Excerpted data —
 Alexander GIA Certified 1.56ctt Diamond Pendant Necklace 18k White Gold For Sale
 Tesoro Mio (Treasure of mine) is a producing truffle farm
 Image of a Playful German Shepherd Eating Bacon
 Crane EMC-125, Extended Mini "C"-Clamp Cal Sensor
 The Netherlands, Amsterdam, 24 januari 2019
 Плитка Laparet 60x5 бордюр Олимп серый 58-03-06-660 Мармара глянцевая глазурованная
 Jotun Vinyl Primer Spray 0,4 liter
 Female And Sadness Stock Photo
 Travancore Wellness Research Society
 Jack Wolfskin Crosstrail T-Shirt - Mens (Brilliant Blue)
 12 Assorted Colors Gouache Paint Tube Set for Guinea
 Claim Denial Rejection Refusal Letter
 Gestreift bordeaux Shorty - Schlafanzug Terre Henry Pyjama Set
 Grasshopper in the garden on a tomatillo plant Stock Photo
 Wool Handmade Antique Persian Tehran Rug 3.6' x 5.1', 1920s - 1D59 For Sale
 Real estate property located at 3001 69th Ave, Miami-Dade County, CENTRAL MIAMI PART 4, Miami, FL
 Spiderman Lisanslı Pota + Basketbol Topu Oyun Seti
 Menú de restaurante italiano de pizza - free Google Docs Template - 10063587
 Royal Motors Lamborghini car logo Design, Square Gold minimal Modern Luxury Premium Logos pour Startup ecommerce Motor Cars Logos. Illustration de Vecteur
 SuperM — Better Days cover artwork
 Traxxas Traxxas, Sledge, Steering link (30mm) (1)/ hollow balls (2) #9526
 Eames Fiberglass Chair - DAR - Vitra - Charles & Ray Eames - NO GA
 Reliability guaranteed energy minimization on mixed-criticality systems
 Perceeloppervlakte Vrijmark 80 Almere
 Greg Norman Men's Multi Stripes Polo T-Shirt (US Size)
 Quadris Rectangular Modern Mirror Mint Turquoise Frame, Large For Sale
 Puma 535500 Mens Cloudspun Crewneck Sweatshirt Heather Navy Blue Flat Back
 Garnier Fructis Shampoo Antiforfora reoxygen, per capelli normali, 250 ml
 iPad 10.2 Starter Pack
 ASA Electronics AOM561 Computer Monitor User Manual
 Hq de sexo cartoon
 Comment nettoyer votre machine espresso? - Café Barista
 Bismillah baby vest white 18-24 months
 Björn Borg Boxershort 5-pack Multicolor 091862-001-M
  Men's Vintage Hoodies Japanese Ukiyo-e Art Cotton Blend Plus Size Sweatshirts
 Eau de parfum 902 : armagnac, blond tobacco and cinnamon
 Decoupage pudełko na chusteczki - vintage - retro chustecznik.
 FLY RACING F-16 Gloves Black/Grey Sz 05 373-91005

About this exercise —
Everything from the line with "Claim Denial Rejection Refusal Letter" through the line with "Spiderman Lisanslı Pota" in the listing above must be retyped exactly, with nothing added.

Expected answer —
 Claim Denial Rejection Refusal Letter
 Gestreift bordeaux Shorty - Schlafanzug Terre Henry Pyjama Set
 Grasshopper in the garden on a tomatillo plant Stock Photo
 Wool Handmade Antique Persian Tehran Rug 3.6' x 5.1', 1920s - 1D59 For Sale
 Real estate property located at 3001 69th Ave, Miami-Dade County, CENTRAL MIAMI PART 4, Miami, FL
 Spiderman Lisanslı Pota + Basketbol Topu Oyun Seti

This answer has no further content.